The buildings will offer one-, two-, and three-bedroom apartments, ranging from 700 to 900 square feet, and monthly rents ranging from $650 to $975. The handful of remaining current tenants — who were temporarily moved to nearby apartment buildings at Alexander’s expense when construction started two months ago — will pay the same rents they did before, so the improvements will cost them nothing, Meier said.
Improved amenities will include new stainless-steel appliances, new doors and trim, central air-conditioning, wood-grain cabinetry and wood laminate floors on the first floor, with carpet in second-floor units to prevent noise issues.
Bigger units will have in-unit washers and dryers, with a shared laundry in the building basements and parking outside.

“It’ll be seen as a very good value for the tenants who are able to live there,” Meier said. “The rent will be less than what it would be had it been market rate.”
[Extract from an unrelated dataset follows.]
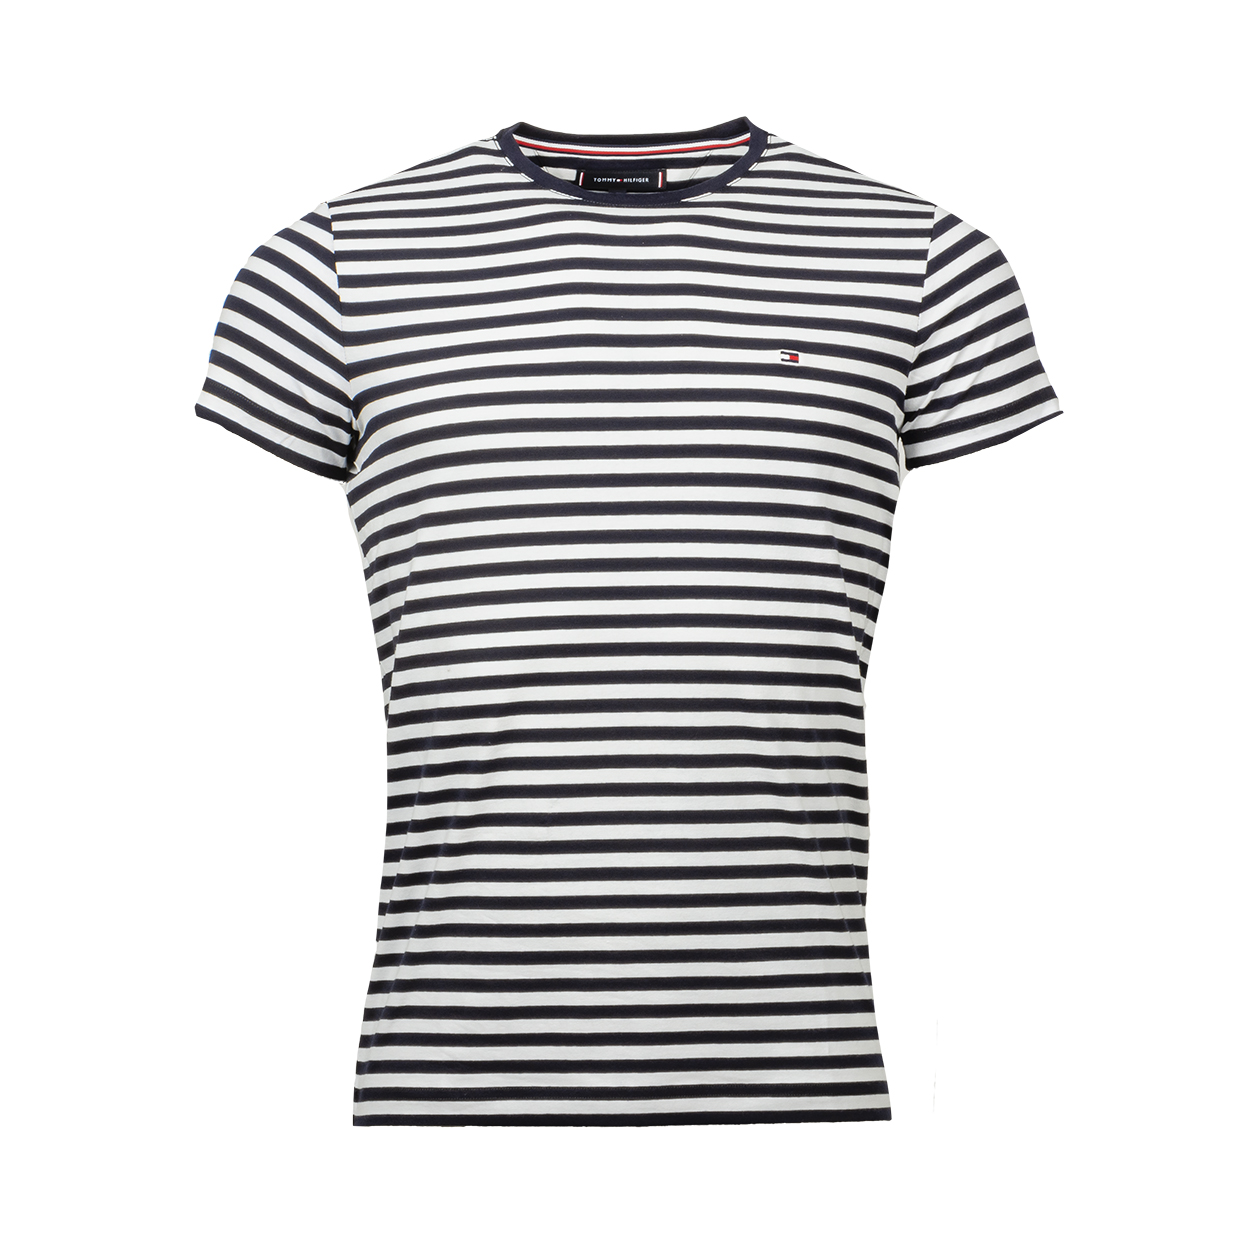 Tee-shirt slim Tommy Hilfiger en coton stretch bleu marine et blanc rayé
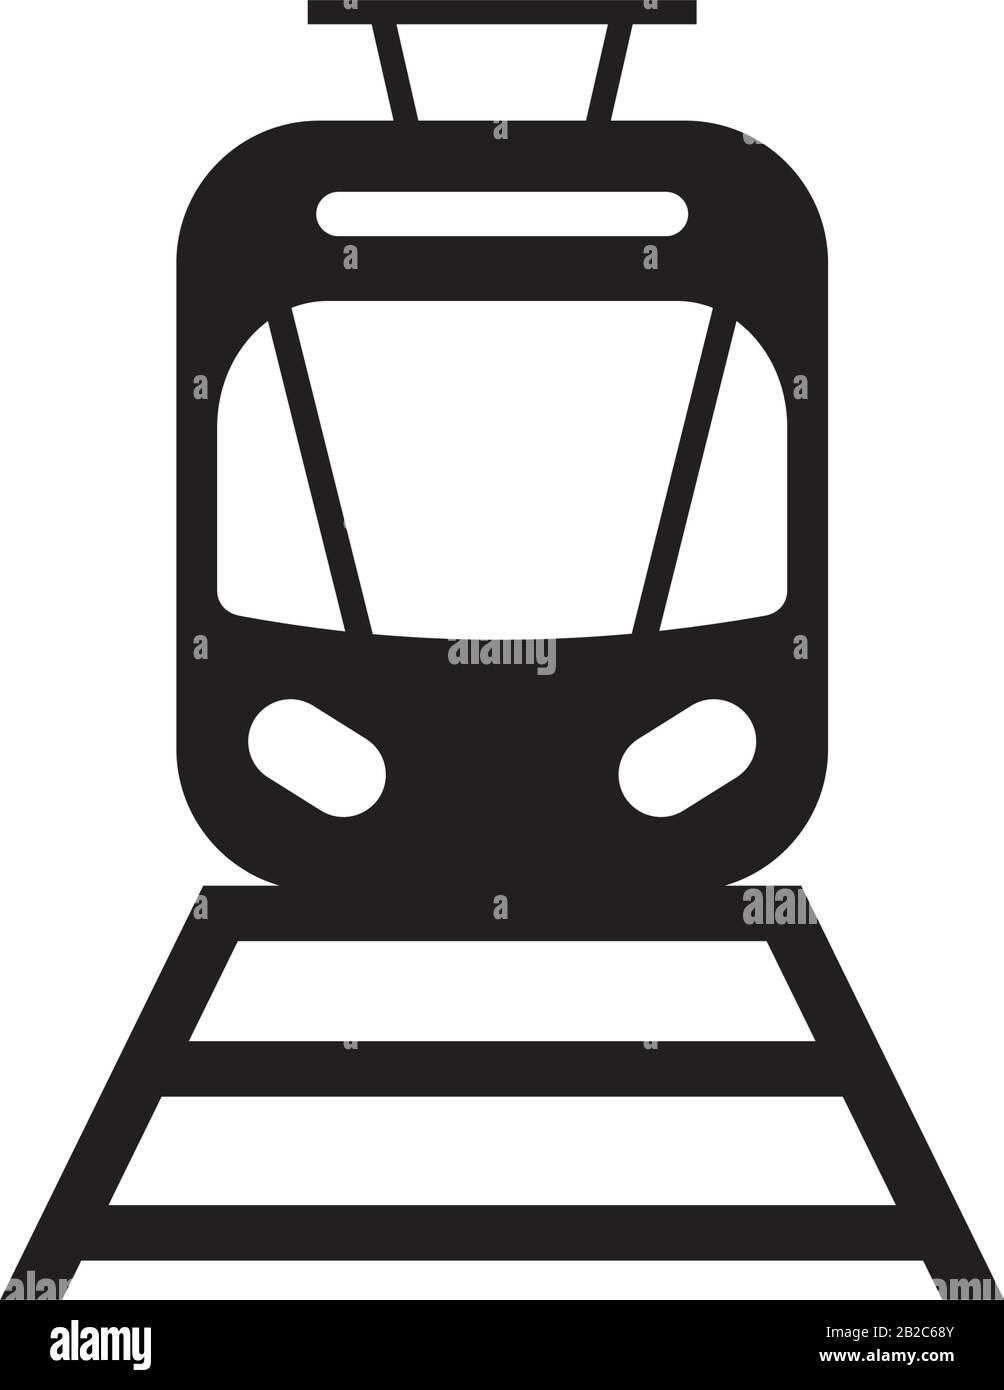 Train icon template black color editable. Train icon symbol Flat vector illustration for graphic and web design. Stock Vector

Every apartment also will have an open floor plan, Meier said, created by knocking down part of a wall enclosing each kitchen to create an island opening to the living room.
Building exteriors will have double-paned, high-efficiency windows, along with all new siding, balconies, roofing and a reconfigured outdoor lighting system. Security cameras will be added, and the buildings will be brought up to code, with interior sprinkler systems for fire protection plus fire alarms and hard-wired smoke detectors.
The units weren’t totally gutted, not “down-to-the-studs,” Meier said, because a lot of dry wall was salvageable. But a lot of other things had to go.

“The buildings were nearing the end of their useful life without a major capital infusion,” Meier said. “They were the worst buildings condition-wise in the neighborhood. The mechanicals were shot.”

Spillover benefits

And because of where the buildings are — on a dividing line between Alexander’s Novation Campus west of Rimrock Road near the Beltline and the Southdale neighborhood west of Novation — improving them also should provide spillover benefits for the business park and neighborhood.
For example, police and fire calls plagued at least one of the buildings, before it was vacated and boarded up last year by town officials. That problem should be eased as the Alexander Co. takes over property management from the former absentee landlord.

“We had major code violations,” town of Madison Chairman James Campbell said, noting the town “absolutely” welcomed the rehab.

“Anytime you bring something back up to modern standards, it’s got to benefit the community. A vacant building never helps any neighborhood.”

The project also could encourage other property owners in the area to clean up blighted buildings and help spur new investment in the business park, which now employs about 700.

“A lot of times we end up focusing on the worst adverse influence in a neighborhood and making it the best,” Meier said. “That makes the biggest difference in a neighborhood, so what we do ends up being a catalyst. I think it also sets an example for other people to follow, giving them the confidence to reinvest in their own properties.”

Verona-based Engineered Construction is the general contractor on the Pheasant Ridge project. Bill Jackson, vice president of business development and marketing, said his company liked partnering with Alexander because of its focus on infill and reuse.

“I just think it’s great for the community that it’s not a brand-new building, but that they’re taking an existing building and incorporating a lot of green features in it,” he said.

Jackson also liked the project’s South Side focus.

“As a lifelong resident of Madison, I’ve seen that area continue to go downhill over the years, and it’s nice to see something positive happening,” he said.